Serving customers with youthful Chilean gusto

Gaston Sepulveda-Gomez, or Gus as he is known, often works as the IT department for the many small businesses that dominate Queenstown.

Originally from Puntas Arenas, in the Patagonia region of Southern Chile, Sepulveda-Gomez wrote his first computer program at the age of 10, which eventually led him to study computer engineering at the local Catholic university.

“I got into Unix and Linux systems and became part of the open source community in Chile,” he explains.

Sepulveda-Gomez came to Queenstown five years ago, attracted to New Zealand by the movie Lord of the Rings. He now runs his own business, QTIT – an IT services company that operates from his home and also employs an administrator, plus two web developers.

The 26 year old originally worked as an IT staffer and manager for two local businesses – Goldfields and Goldfields Jet – where over four years he implemented point-of-sale systems and worked with critical parts of management systems.

However, like many IT staffers in Queenstown, Sepulveda-Gomez felt that launching his own business offered more potential, so he founded QTIT in December 2006.

QTIT serves homes and businesses across the Central Otago and Southern Lakes, with customers in Queenstown, Cromwell, Clyde, Alexandra and Te Anau.

The business promises full IT support for Microsoft, Unix, and Mac systems.

“We do PCs, laptops, server applications, NAS applications in networking, backup storage, networking and storage and web design,” Sepulveda-Gomez says.

“We also lease and sell computers, computer parts, including networking routers and hubs.”

Brands include IBM, HP, Compaq and Dell.

“We are partners with Linksys, ASUS and Cisco,” he continues.

Business customers are typically small, such as a local print shop, chain of motels, lodges and hotels.

Altogether Sepulveda-Gomez manages some 45 sites.

“Businesses are small so they contract people. They are all local with few chains so they get local IT firms, as they are not big enough to have their own IT staff,” he says.

His work also includes troubleshooting and setting up wireless networks with inhouse security.

Then, there are the home users, who typically buy a new computer and they want upgrades such as wireless at home to avoid having cables around the house.

“IT is definitely the main part. There are good opportunities in Queenstown for all businesses. The town is always developing. As one business goes away, another will take over,” he says.

Sepulveda-Gomez believes what sets him apart from others like him in Queenstown is that he can do everything, including fixing printers.

Business is good and QTIT is looking to expand, offering more services support and contracting.

A speciality is also websites, with several major projects underway, including developing a new control management system. QTIT works in HTML, PHP, XML, Javascript, Dreamweaver and Adobe. Software projects related to tourism is another speciality.

“There is enough competition for the amount of business in town. What happens is IT professionals come and go. They stay six months for the ski season and then leave us, Big Bear and Digital 7 [to serve the market],” Sepulveda-Gomez says.

Sepulveda-Gomez likes to work on web design in the evening “when I put my headphones on and go crazy”.

Over the weekend, he is only on call but he says it “can be pretty busy as Queenstown never stops on a weekend”. The ski season is also busier, with Monday, Tuesday and Friday as “crazy, crazy days as people want to get things done”.

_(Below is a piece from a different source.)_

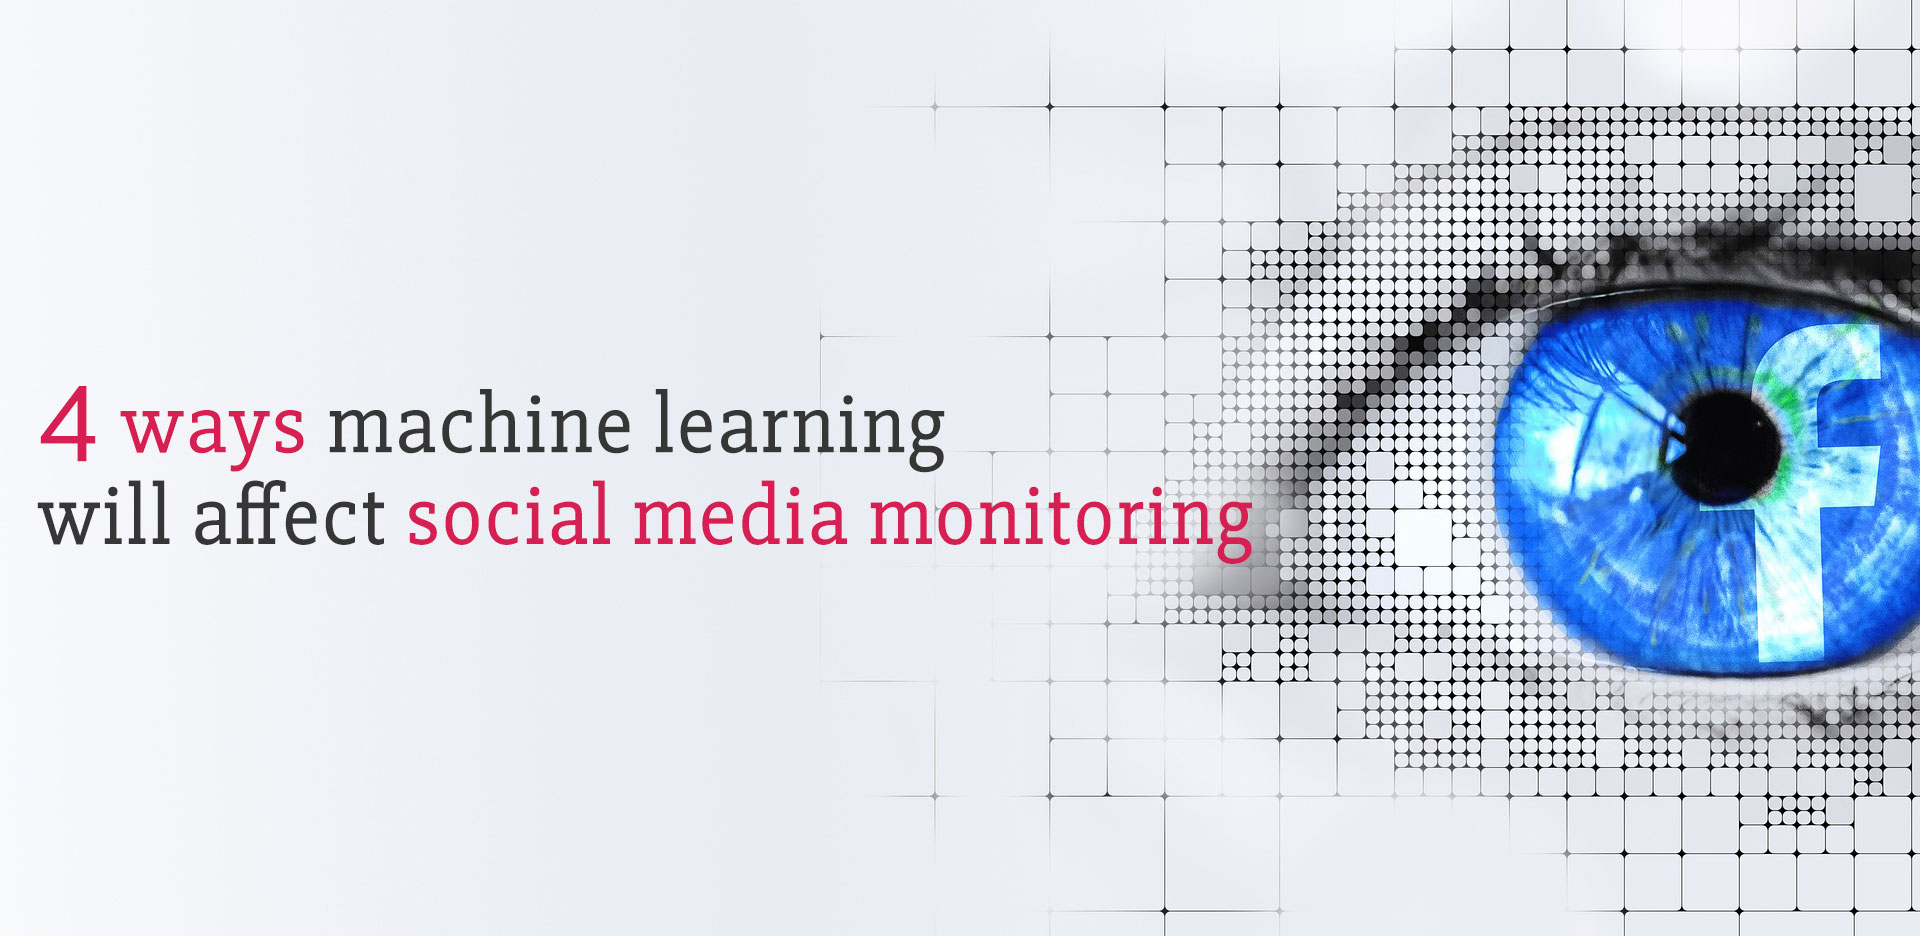 Ways in which machine learning will affect social media platforms

Sepulveda-Gomez says QTIT is well known in Queenstown, especially to larger businesses since he has a marketing person, plus himself who also markets the business.

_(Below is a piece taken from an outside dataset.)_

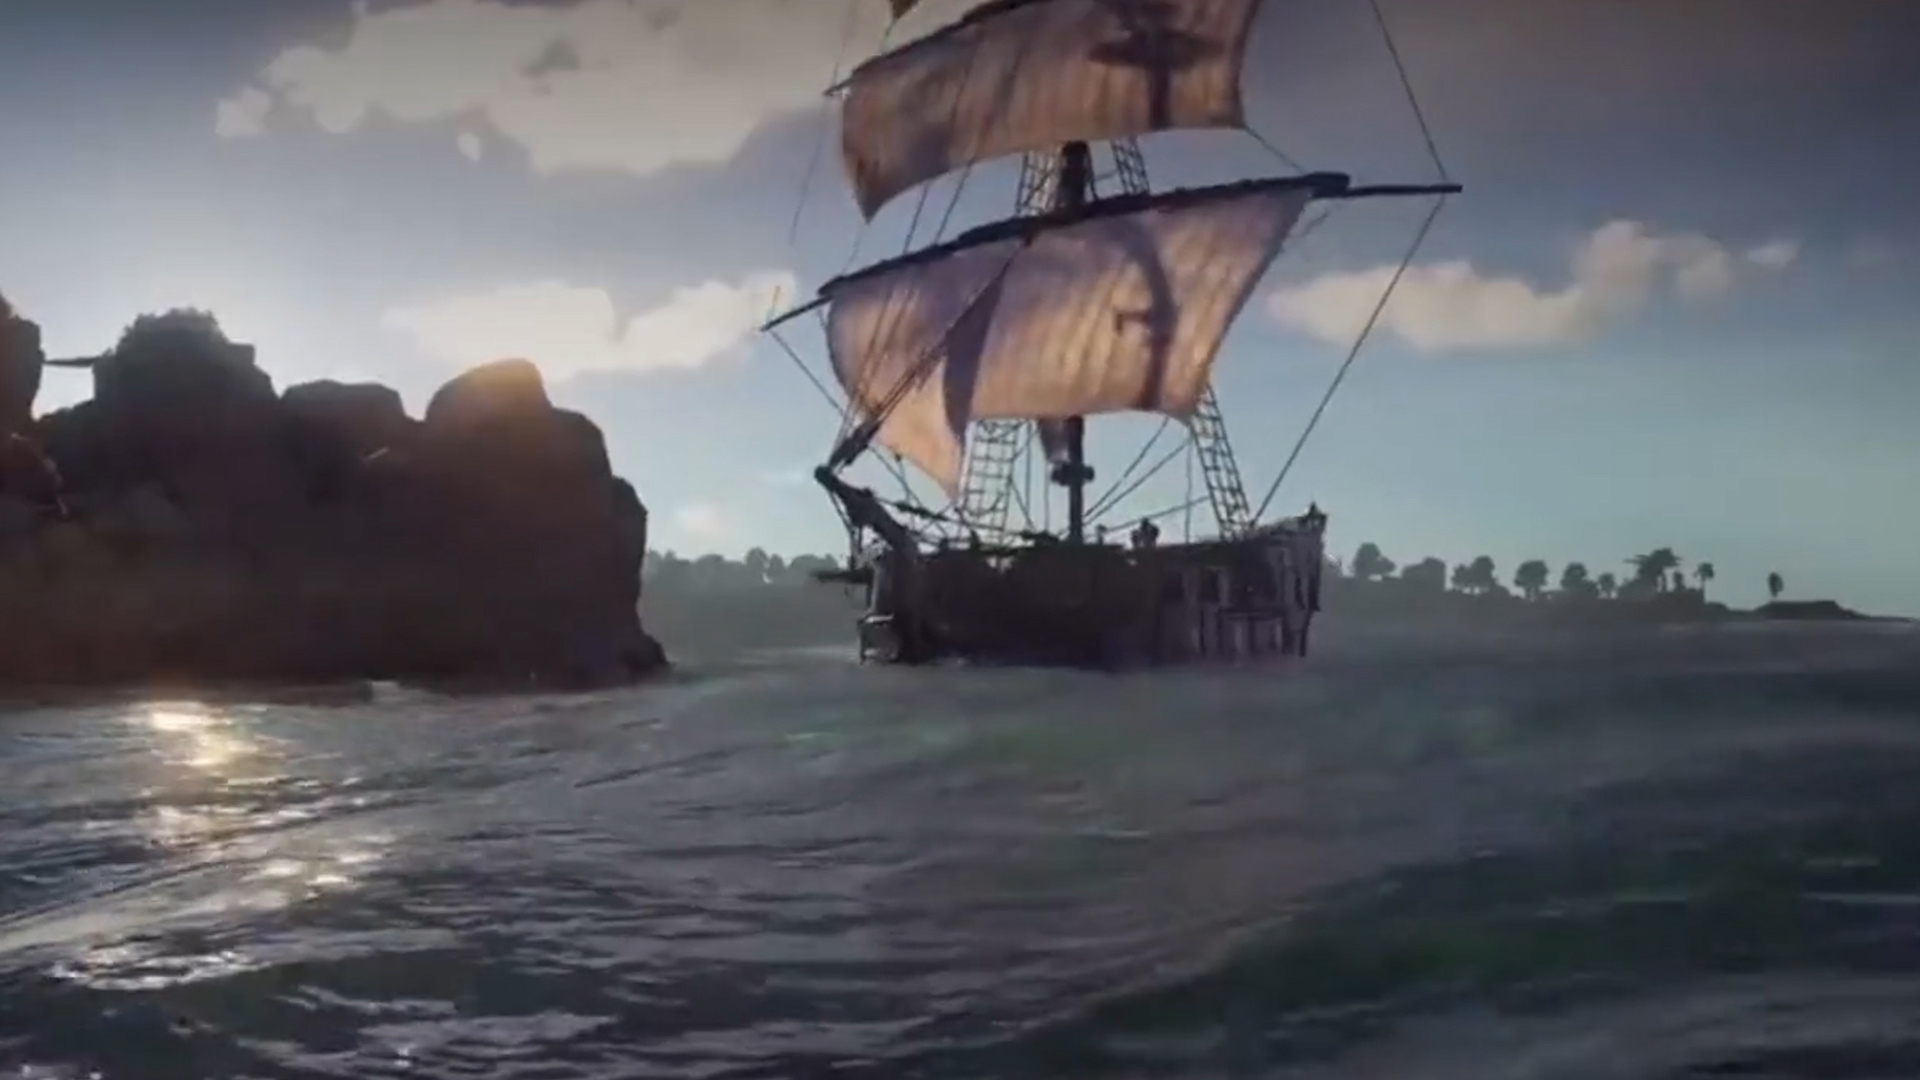 Ubisoft pirate adventure Skull and Bones delayed again, now due early 2024

He has also built up business contacts and customers who have helped spread the word.

Being young and more relaxed is another benefit, claims Sepulveda-Gomez. “I am only 25. We try and bring more freshness into IT.”

Sepulveda-Gomez has found settling in Queenstown easy as it is “not a Kiwi town”, but more international in outlook.

However, he says New Zealanders are less patient than Chileans who realise “things take time”.

He says Unix and open source are more common in Chile.

“In Chile, Microsoft is not the option you take over there,” Sepulveda-Gomez says.

Living standards and wages “are the same” in either country.

“IT is well paid wherever you go. It’s what runs the world at the moment.”